People benchmark a ball by bouncing it in a spinning shape

The list of informal, weird AI benchmarks keeps growing.

Over the past few days, some in the AI on X community have become obsessed with different AI models, especially so-called inference models, dealing with cues like this: . Make the shape rotate slowly and make sure the ball stays within the shape. "

Some models manage better than others on this "Spinning Shaped Ball" benchmark. According to one user on X, the free R1 from China AI Lab DeepSeek is taking the floor by storm with Openai's O1 Pro mode as part of Openai's Chatgpt Pro plan, which costs $200 per month.

👀O1-Pro (left) crushed by deepseek r1 (right) 👀

Tip: "Write a python script inside a square to bounce a yellow ball, make sure you handle collision detection correctly. Make the square rotate slowly. Implement in Python. Make sure the ball stays in the square" pic.twitter.com/3sad9efpez

-Ivan Fioravantiᯅ (@ivanfioravanti) January 22, 2025

According to another X poster, humans' Claude 3.5 Sonnet and Google's Gemini 1.5 Pro models misjudged physics, causing the ball to escape its shape. Other users reported that Google's Gemini 2.0 Flash thought experiment, and even Openai's older GPT-4O, evaluated in one go.

Nine AI models were tested on the physical simulation task: rotating triangle + bouncing ball. result:

🥇deepseek-r1
🥈Sonar is huge
🥉GPT-4O

Worst? Openai O1: Completely misunderstood the mission😂

Video below video ↓ first line = inference model, REST = base model. pic.twitter.com/eoyrhvnazr

-Aadhithya d (@aadhithya_d2003) January 22, 2025

But what does it prove that AI can or cannot encode easily rotated, spherical shapes?

Well, simulating a bouncing ball is a classic programming challenge. The accurate simulation incorporates collision detection algorithms that attempt to identify when two objects (such as a ball and the sides of a shape) collide. Poorly written algorithms can affect the performance of a simulation or lead to obvious physics errors.

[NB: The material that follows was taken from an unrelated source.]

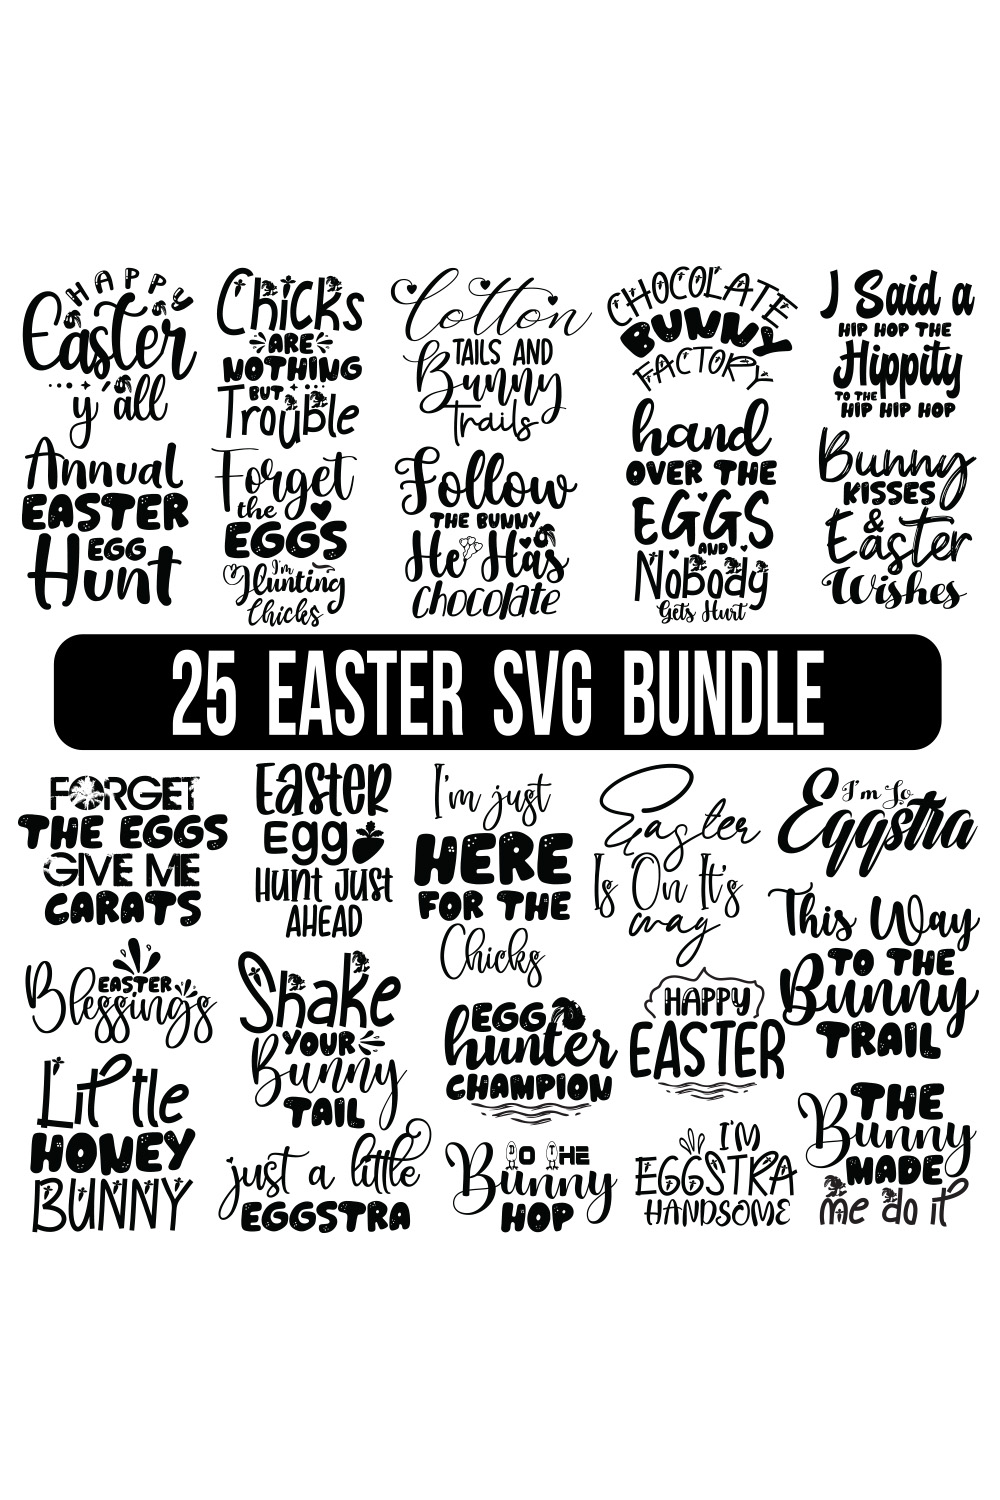 Happy Easter SVG Bundle, Easter SVG, Digital Files, Easter quotes, Easter Bunny svg, Easter Egg svg, pinterest preview image.

N8, an X user at Residence at AI startup NOUS Research, said it took him about two hours to bounce a ball in a spinning Heptagon from scratch. "Multiple coordinate systems had to be tracked, how collisions were accomplished in each system, and the code designed to be robust from the start," N8 Programs explained in the post.

But while bouncing balls and spinning shapes are reasonable tests of programming skills, they're not a very empirical AI benchmark. Even slight changes in cues can and can produce different results. This is why some users on X have more luck with O1, while others say R1 falls short.

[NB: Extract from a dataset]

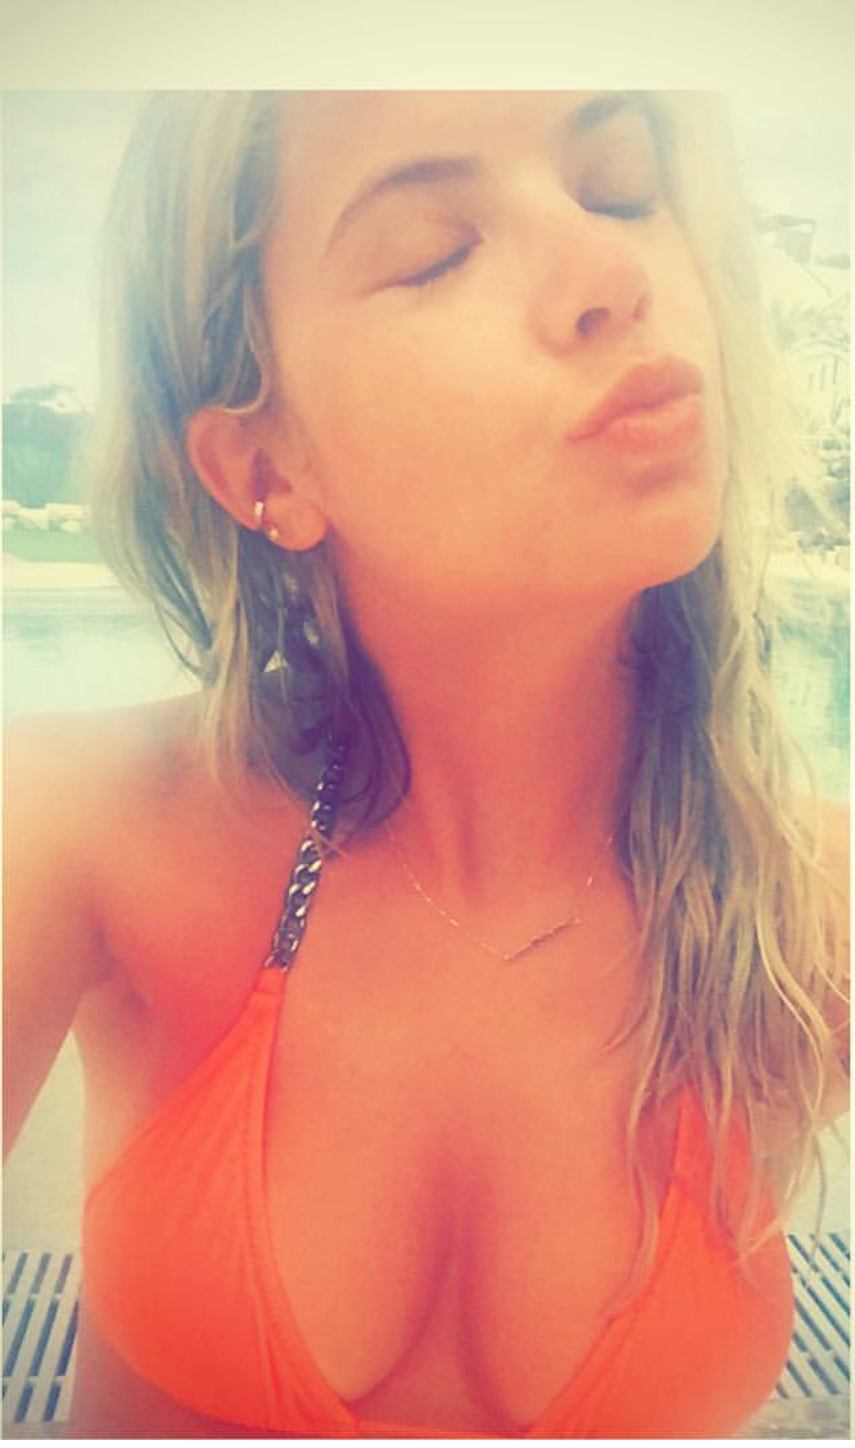 Leaked selfies of Ashley Benson

If anything, virus tests like this illustrate the thorny issues of creating useful measurement systems for AI models. It's often hard to tell one model apart from another outside of esoteric benchmarks that most people don't care about.

There are many efforts underway to build better exams, such as the Arc-Agi benchmarks and final exams for humans. We'll see how these fare - in the meantime, watch the GIF of the bouncing ball in a spinning shape.